Leading New York elected officials, members of the Asian American Federation, and a victim of a recent anti-Asian, hate-fueled assault took a stand with hundreds of New Yorkers on Saturday afternoon against bigotry in the Big Apple.

During the COVID-19 pandemic, many Asian-American citizens and businesses have been the victims of hate crimes created by ignorant individuals — from the defacement of Chinese-owned storefronts to the physical attacks of Asian individuals.

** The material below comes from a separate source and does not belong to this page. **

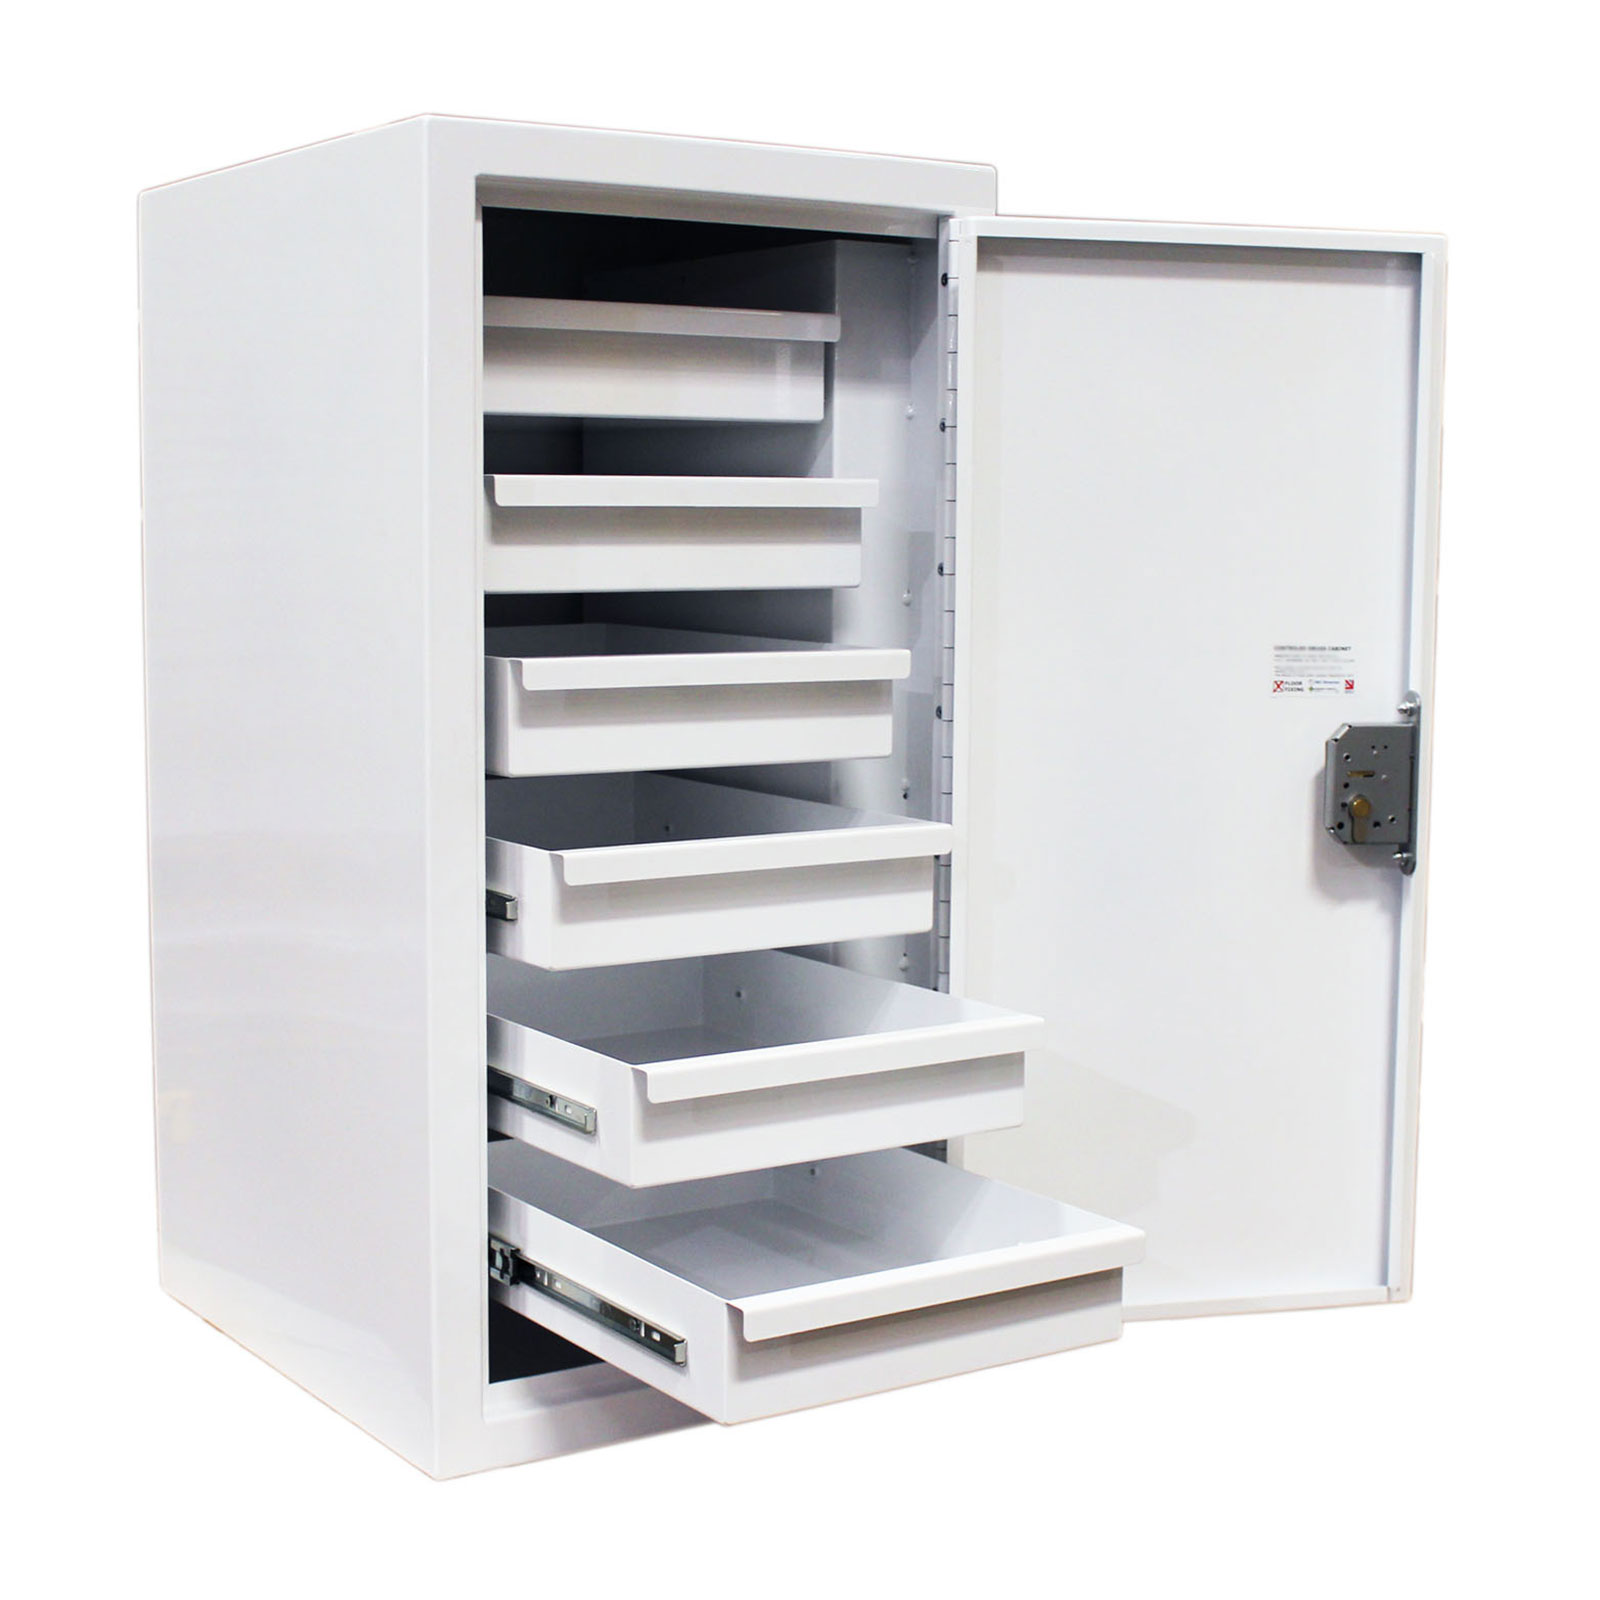 FPD 11290 controlled drug cupboard drawers showing

However, these vindictive attacks have grown into a rapid spate of violence in recent weeks, everything from brutal assaults in Flushing to stabbings in Lower Manhattan.

The Feb. 27 gathering at Foley Square, only blocks from Chinatown, sought to pose a united front among Asian New Yorkers, their elected officials and the public against hate. The participants — Senate Majority Leader Chuck Schumer, Mayor Bill de Blasio and Noel Quintana, an individual who was a victim of a hate-fueled attack — condemned the rash of crimes and called for investment in community-based solutions to put a stop to the xenophobic attacks.

Hundreds of individuals arrived at the rally to speak out against hate .Photo by Dean Moses

Waving signs reading “I am not the virus” and “We deserve to be safe,” spectators raised fists and chanted for justice as state Attorney General Letitia James addressed the incidents, one occurring mere blocks from Foley Square a few days ago.  She began her remarks by yelling, “No hate, no fear, Asians are here to stay!”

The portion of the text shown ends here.